REQUIRED WORK: What is needed is an exact copy of the lines from the one containing "Интернет-магазин б.у автозапчастей VAGDonor" through the last line of the entries below, both included.

RECORDS:
* * *
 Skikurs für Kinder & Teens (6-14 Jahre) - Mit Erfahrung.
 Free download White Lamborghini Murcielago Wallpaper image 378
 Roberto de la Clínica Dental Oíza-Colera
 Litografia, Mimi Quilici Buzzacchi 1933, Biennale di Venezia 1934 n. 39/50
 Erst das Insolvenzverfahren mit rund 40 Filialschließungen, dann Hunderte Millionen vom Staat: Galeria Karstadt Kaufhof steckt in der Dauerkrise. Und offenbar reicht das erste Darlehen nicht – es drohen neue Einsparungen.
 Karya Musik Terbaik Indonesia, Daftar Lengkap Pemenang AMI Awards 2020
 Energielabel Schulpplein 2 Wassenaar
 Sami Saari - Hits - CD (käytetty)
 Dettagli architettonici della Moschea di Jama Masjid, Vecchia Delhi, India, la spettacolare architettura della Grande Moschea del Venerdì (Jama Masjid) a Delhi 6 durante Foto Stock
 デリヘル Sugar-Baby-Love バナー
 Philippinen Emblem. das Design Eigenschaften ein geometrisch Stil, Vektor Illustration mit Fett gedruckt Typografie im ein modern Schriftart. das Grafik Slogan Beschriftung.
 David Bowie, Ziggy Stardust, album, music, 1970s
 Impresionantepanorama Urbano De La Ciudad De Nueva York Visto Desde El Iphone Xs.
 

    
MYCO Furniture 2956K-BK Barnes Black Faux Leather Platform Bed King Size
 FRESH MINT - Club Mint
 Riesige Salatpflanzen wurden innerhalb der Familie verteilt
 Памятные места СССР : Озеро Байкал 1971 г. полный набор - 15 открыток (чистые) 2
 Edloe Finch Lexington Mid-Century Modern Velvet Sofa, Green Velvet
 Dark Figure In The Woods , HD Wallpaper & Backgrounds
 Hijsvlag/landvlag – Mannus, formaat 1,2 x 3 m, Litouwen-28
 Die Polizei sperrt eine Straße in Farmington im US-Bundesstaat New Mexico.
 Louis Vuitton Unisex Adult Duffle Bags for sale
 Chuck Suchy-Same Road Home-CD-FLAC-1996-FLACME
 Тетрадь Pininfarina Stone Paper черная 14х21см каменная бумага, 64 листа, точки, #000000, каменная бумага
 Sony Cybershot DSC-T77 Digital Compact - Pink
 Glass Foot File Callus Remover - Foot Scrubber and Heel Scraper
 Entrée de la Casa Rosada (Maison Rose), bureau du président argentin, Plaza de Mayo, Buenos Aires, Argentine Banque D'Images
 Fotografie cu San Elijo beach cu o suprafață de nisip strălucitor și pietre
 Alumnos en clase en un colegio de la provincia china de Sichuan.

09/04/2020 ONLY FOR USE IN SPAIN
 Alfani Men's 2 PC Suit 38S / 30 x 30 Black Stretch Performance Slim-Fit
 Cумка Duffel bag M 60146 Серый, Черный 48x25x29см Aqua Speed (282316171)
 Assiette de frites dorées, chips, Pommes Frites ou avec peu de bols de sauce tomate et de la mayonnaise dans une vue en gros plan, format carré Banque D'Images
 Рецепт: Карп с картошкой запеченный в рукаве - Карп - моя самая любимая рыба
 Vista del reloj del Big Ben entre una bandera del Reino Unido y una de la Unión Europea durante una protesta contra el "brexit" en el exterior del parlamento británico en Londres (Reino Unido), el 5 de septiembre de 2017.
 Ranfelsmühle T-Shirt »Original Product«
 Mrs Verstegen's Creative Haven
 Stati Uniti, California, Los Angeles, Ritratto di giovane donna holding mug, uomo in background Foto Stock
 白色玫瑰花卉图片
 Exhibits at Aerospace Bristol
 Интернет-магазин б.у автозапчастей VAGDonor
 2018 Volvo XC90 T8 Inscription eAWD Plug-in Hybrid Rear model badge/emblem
* * *
ANSWER TO THE EXERCISE:
 Интернет-магазин б.у автозапчастей VAGDonor
 2018 Volvo XC90 T8 Inscription eAWD Plug-in Hybrid Rear model badge/emblem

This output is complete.